Chiara was always interested in people and current affairs. From January 1944 onwards, visiting needy people in the most deprived areas of Trent at that time, she recognised in the countless situations of pain, division and trauma experienced by humanity the face of the Man-God who on the cross cried out, “My God, my God, why have you forsaken me?”. Her certainty that this Man-God had recomposed and healed all these situations became a living experience. He is the heart of her charism and has led her in the development of the Focolare Movement, a vast and complex work aimed at bringing together the human family in unity and fraternity. The Movement, like a tree with 27 branches, has spread all over world and is present in 182 countries. It had even spread to Eastern Europe before the collapse of the Berlin Wall.

The drama of the Hungarian Revolution in 1956 provided impetus for the first initiatives in renewing various spheres of society: in 1968 these actions developed into the New Humanity Movement, later to become an NGO with a voice at the UN. In 1966, even before the student protests and cultural revolution two years later, Chiara urged young people to be protagonists of a new world: a united world. This was the beginning of the Gen Movement (new generation). In the ’70s, foreshadowing the challenges of globalization, she spoke to young people about being “world-people”. In 1967 she launched the New Families Movement, in which families were among the first to show signs of emerging from social crisis in an openness towards others by developing international adoption and adoption at a distance.
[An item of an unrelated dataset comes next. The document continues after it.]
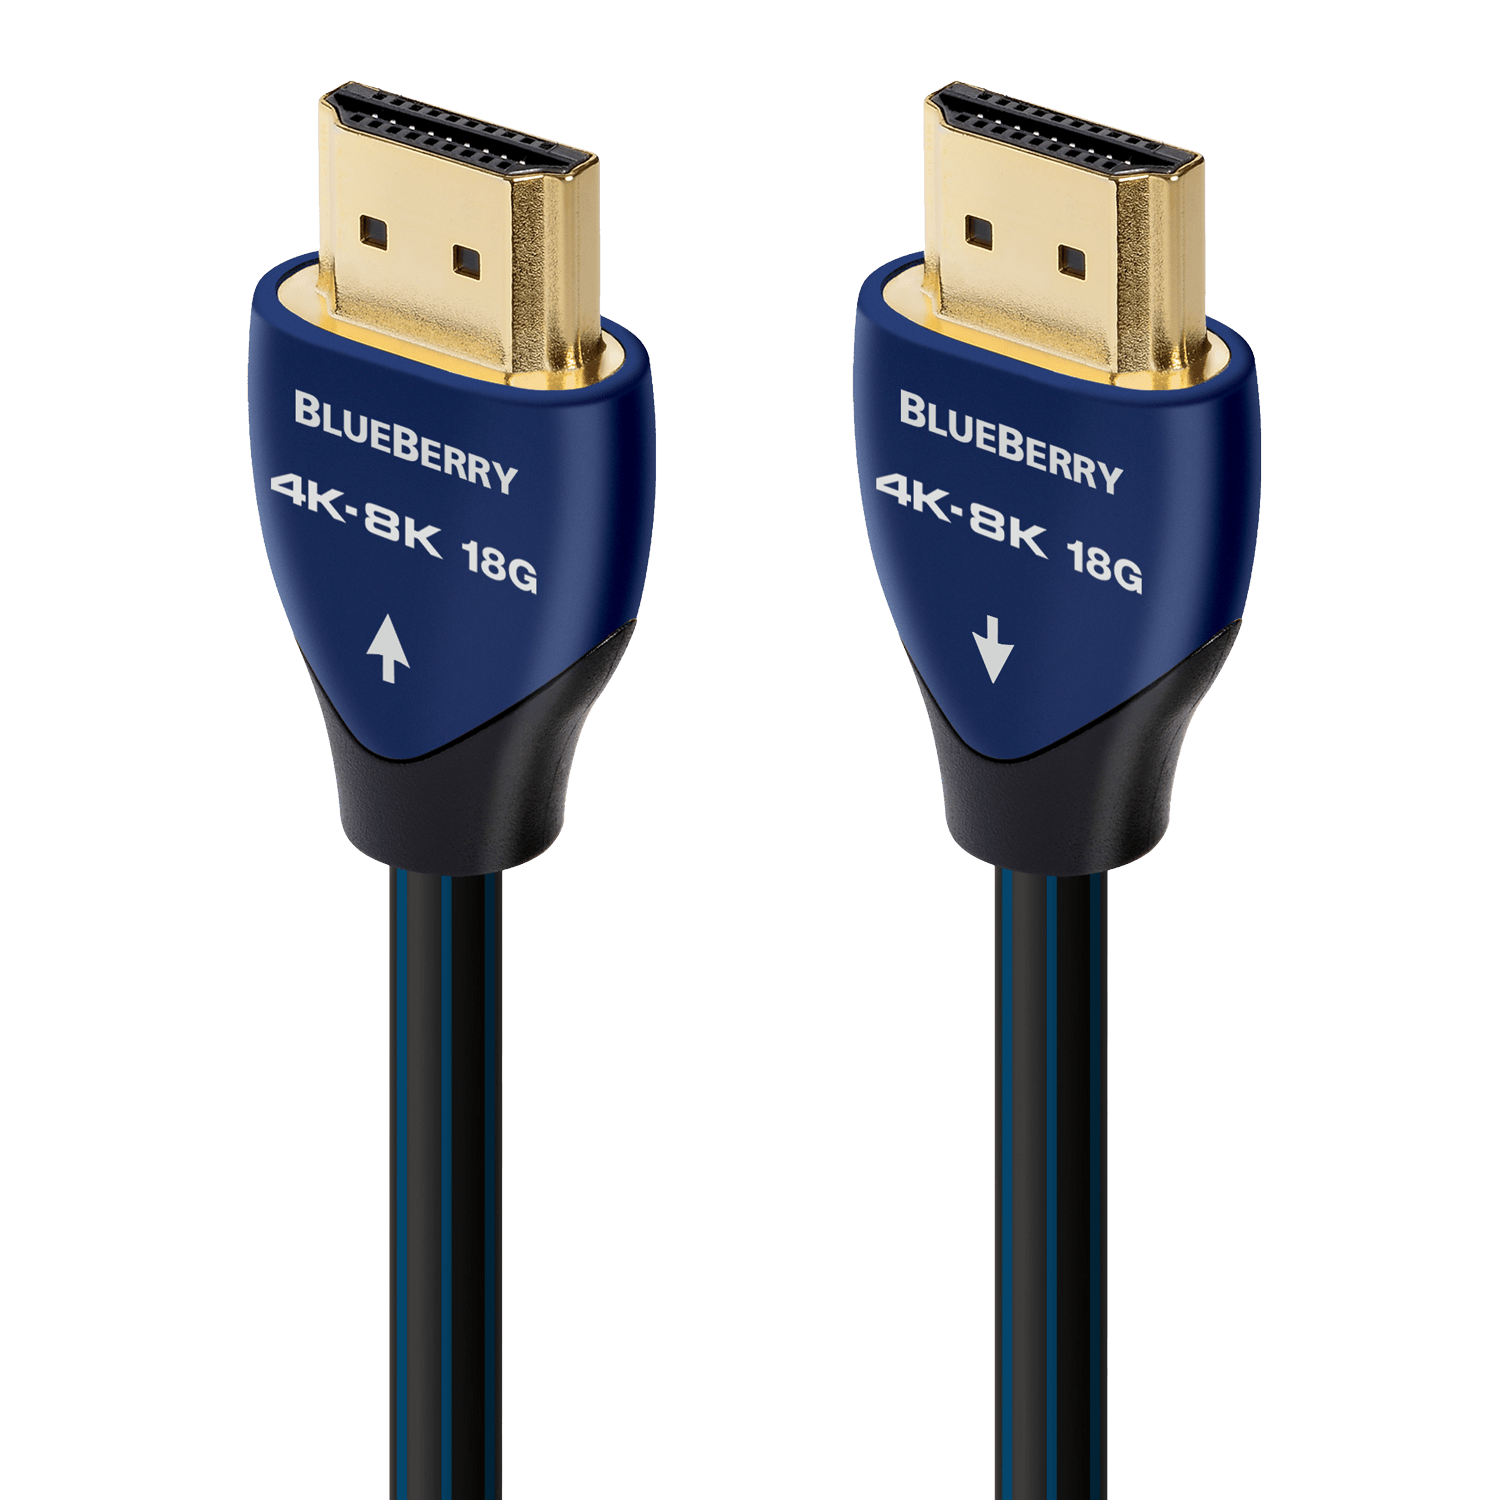 HDMI Cables – AudioQuest

In the cultural field, in 1990 she established the Abba School, an international and interdisciplinary study centre. During the last months of her life she founded the Sophia University Institute, which is located in Loppiano, Florence, one of the Focolare’s twenty-three “little towns” that she founded. During a trip to Brazil, in 1991, witnessing the serious social disparities that affect Latin America, she launched the Economy of Communion project. In 1996, in Naples, she laid the foundations for the Movement for Policies and Politics for Unity. She was invited to set out its new ways of working to parliamentary groups in Brazil, Italy, Spain, England and Slovenia, and also at a UN symposium in New York.

Chiara became a forerunner in all areas of dialogue and was regarded as having a privileged role in facilitating unity and fraternity within her own Church, between Churches, among religions, with people without any religious affiliation and with contemporary culture. From the 1960s onwards, she spoke with leaders of the Lutheran, Reformed, Anglican and Orthodox Churches and of the World Council of Churches which she met in various parts of Germany, in Liverpool, London, Istanbul and Geneva. Her spirituality was gradually recognized as an ecumenical spirituality of reconciliation. It is still lived by Christians of 300 Churches. From the end of the 1970s, there were significant developments in interreligious dialogue. Chiara was the first Christian woman to share her spiritual experience in a temple in Tokyo when, in 1981, she spoke to more than 10,000 Buddhists. In 1997 she addressed hundreds of Buddhist monks and nuns in Chiang Mai, Thailand. A few months later she spoke at the Harlem Mosque, in front of about 3000 African-American Muslims. In 2001 she was in Coimbatore, India, where she was awarded the Gandhian Defender of Peace prize. She also visited Mumbai where she spoke in a number of Hindu academic institutions.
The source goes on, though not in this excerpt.